EVANSTON, IL, November 21, 2023 – The microscopic world within our guts isn’t just about digestion; it’s actively shaping how our brains function, according to a groundbreaking new study.Researchers have discovered a direct link between the gut microbiome and brain activity, suggesting that the composition of gut bacteria can influence cognitive processes and even contribute to neurodevelopmental conditions.
Gut Microbes: A Surprising Influence on Brainpower
Table of Contents
New research reveals how the gut microbiome directly impacts brain function, offering insights into evolution and potential treatments for neurological disorders.
- The gut microbiome influences brain function across primate species.
- Mice receiving gut microbes from primates with larger brains exhibited increased activity in genes linked to learning and energy production.
- Microbial imbalances might potentially be linked to neurodevelopmental conditions like ADHD,schizophrenia,and autism.
- This research provides the first direct experimental evidence of the microbiome’s role in shaping brain differences.
Humans possess the largest brain size relative to body size of any primate,yet the evolutionary mechanisms driving this development-and the immense energy demands it requires-remain largely mysterious. Now, researchers at Northwestern University have uncovered a surprising connection: the gut microbiome.
The Experiment
In a laboratory experiment, they introduced gut microbes from two large-brain primate species-humans and squirrel monkeys-and one small-brain primate species-macaques-into mice that had been raised without any gut microbes of their own.
After eight weeks, the researchers observed notable differences in brain activity.

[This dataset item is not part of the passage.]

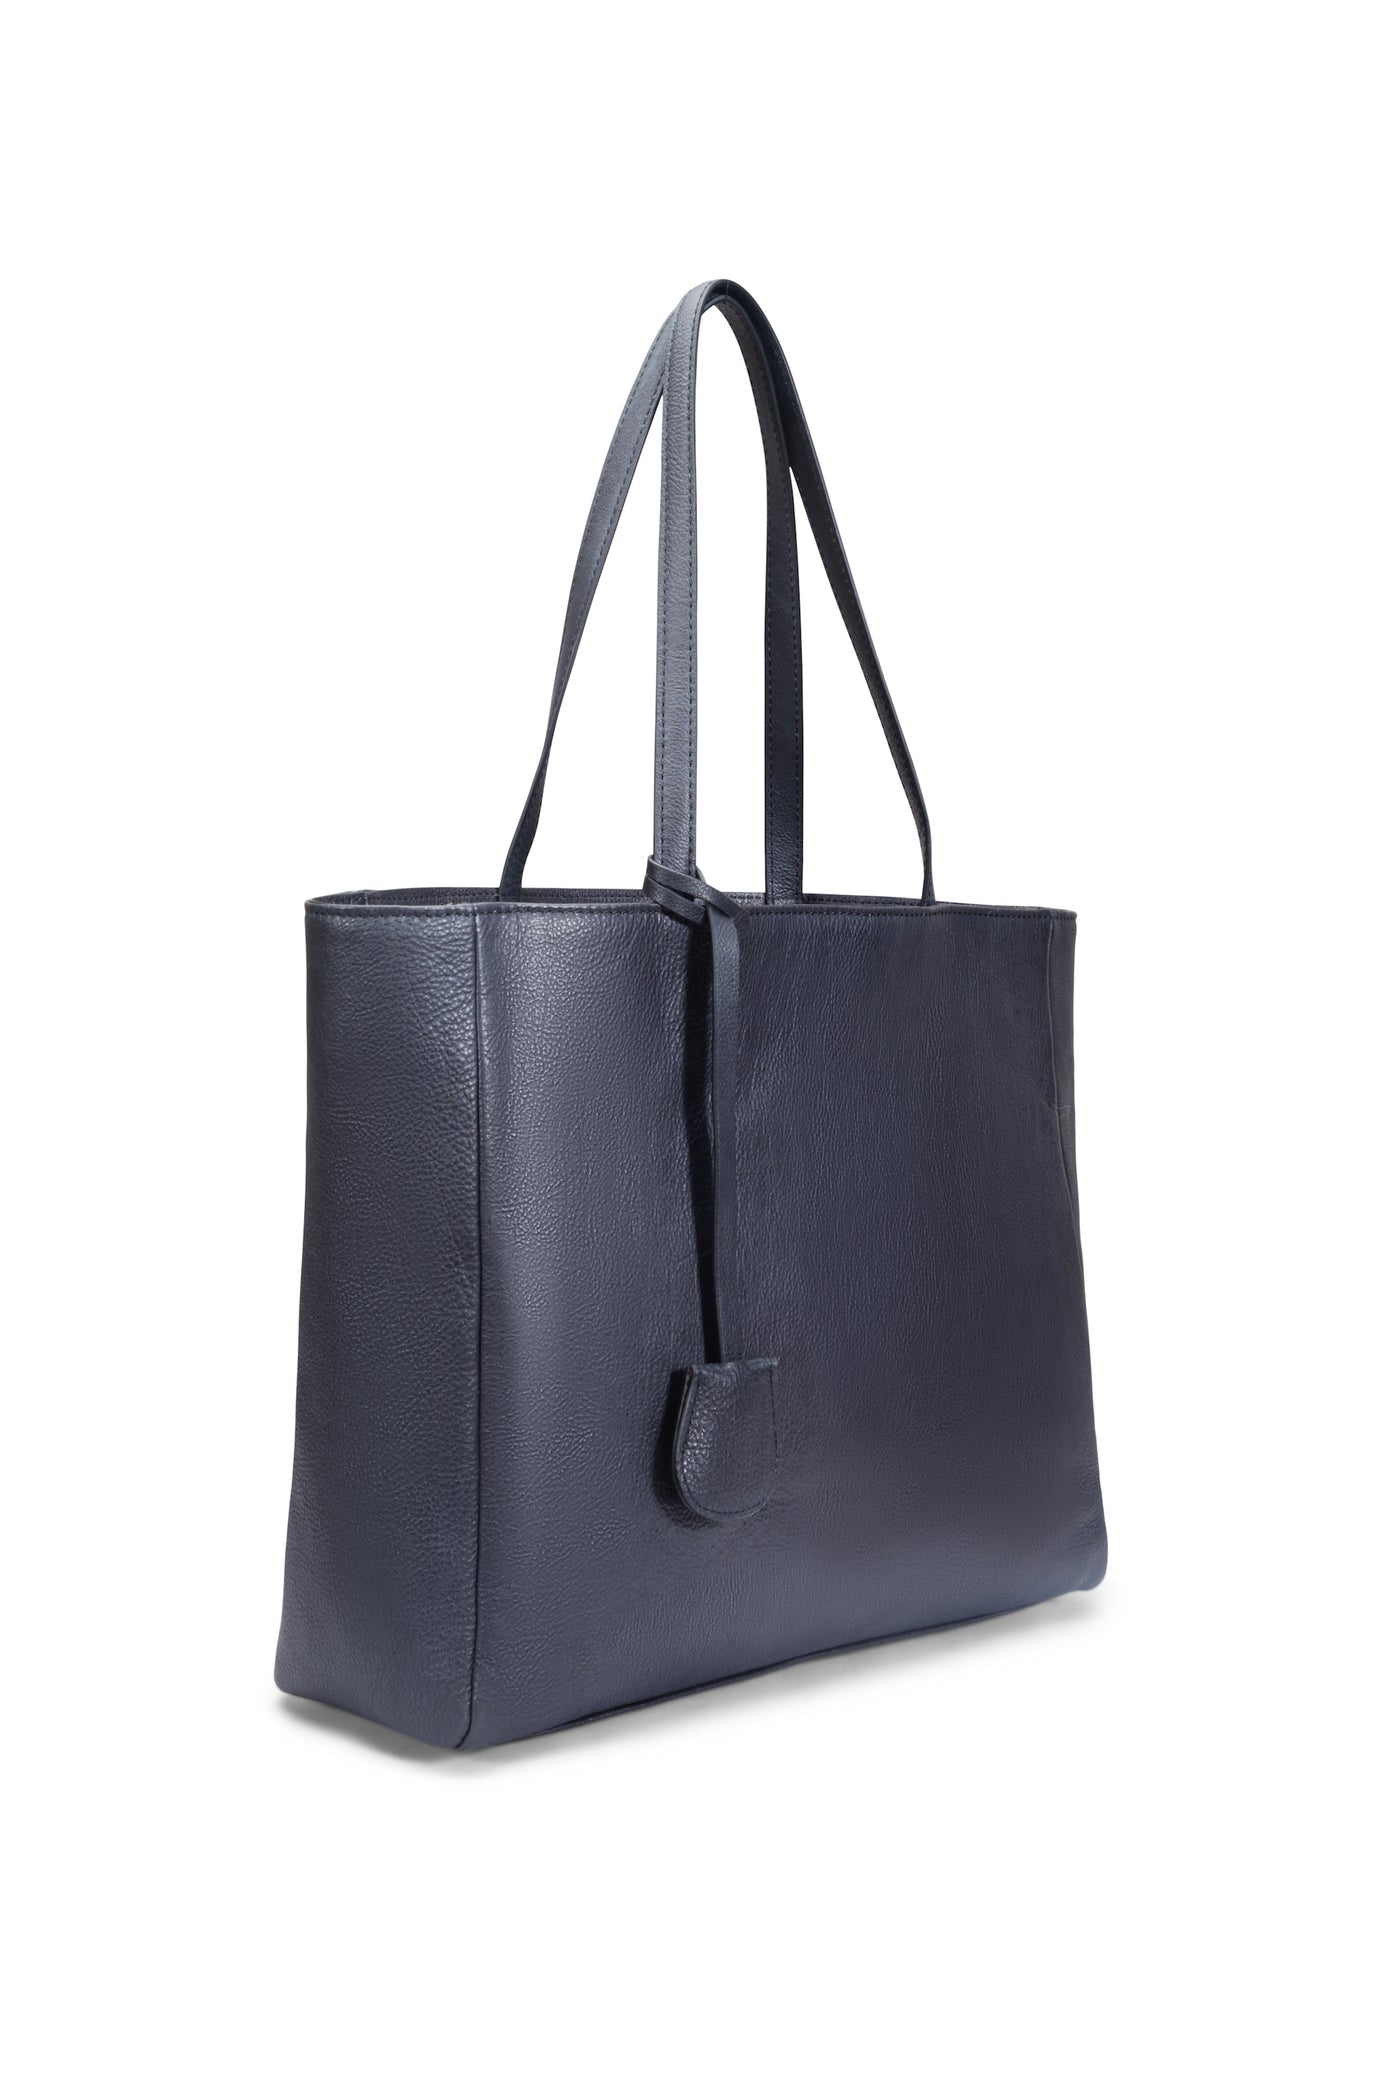 CLASSIC BLACK LEATHER TOTE BAG

Mice that received microbes from small-brain primates exhibited distinct patterns of brain function compared to those that received microbes from large-brain primates.

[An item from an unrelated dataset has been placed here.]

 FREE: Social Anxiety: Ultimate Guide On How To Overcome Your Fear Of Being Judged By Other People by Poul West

Changes in Brain Genes and Learning Pathways
Mice given microbes from large-brain primates showed heightened activity in genes associated with energy production and synaptic plasticity-the brain’s ability to learn and adapt. conversely, these same pathways where significantly less active in mice that received microbes from smaller-brained primates.
“What was super fascinating is we were able to compare data we had from the brains of the host mice with data from actual macaque and human brains, and to our surprise, many of the patterns we saw in brain gene expression of the mice were the same patterns seen in the actual primates themselves,” Amato said. “Simply put, we were able to make the brains of mice look like the brains of the actual primates the microbes came from.”
Unexpected Links to Neurodevelopmental Conditions
The researchers also uncovered an unexpected and perhaps significant finding.Mice that received microbes from smaller-brained primates displayed gene expression patterns associated with ADHD, schizophrenia, bipolar disorder, and autism.
While previous studies have identified correlations between conditions like autism and differences in gut microbiome composition, direct evidence demonstrating a causal link has been limited.
“This study provides more evidence that microbes may causally contribute to these disorders — specifically, the gut microbiome is shaping brain function during development,” Amato said. “Based on our findings, we can speculate that if the human brain is exposed to the actions of the ‘wrong’ microbes, it’s development will change, and we will see symptoms of these disorders, i.e., if you don’t get exposed to the ‘right’ human microbes in early life, your brain will work differently, and this may lead to symptoms of these conditions.”
Implications for Understanding Brain Development
Amato believes these findings have crucial clinical implications, notably for understanding the origins of certain psychological disorders and for approaching brain development from an evolutionary perspective.
“It’s interesting to think about brain development in species and individuals and investigating whether we can look at cross-sectional, cross-species differences in patterns and discover rules for the way microbes are interacting with the brain, and whether the rules can be translated into development as well.”
The study, titled “Primate gut microbiota induce evolutionarily salient changes in mouse neurodevelopment,” was published by the Proceedings of the National academy of Sciences of the United States of America.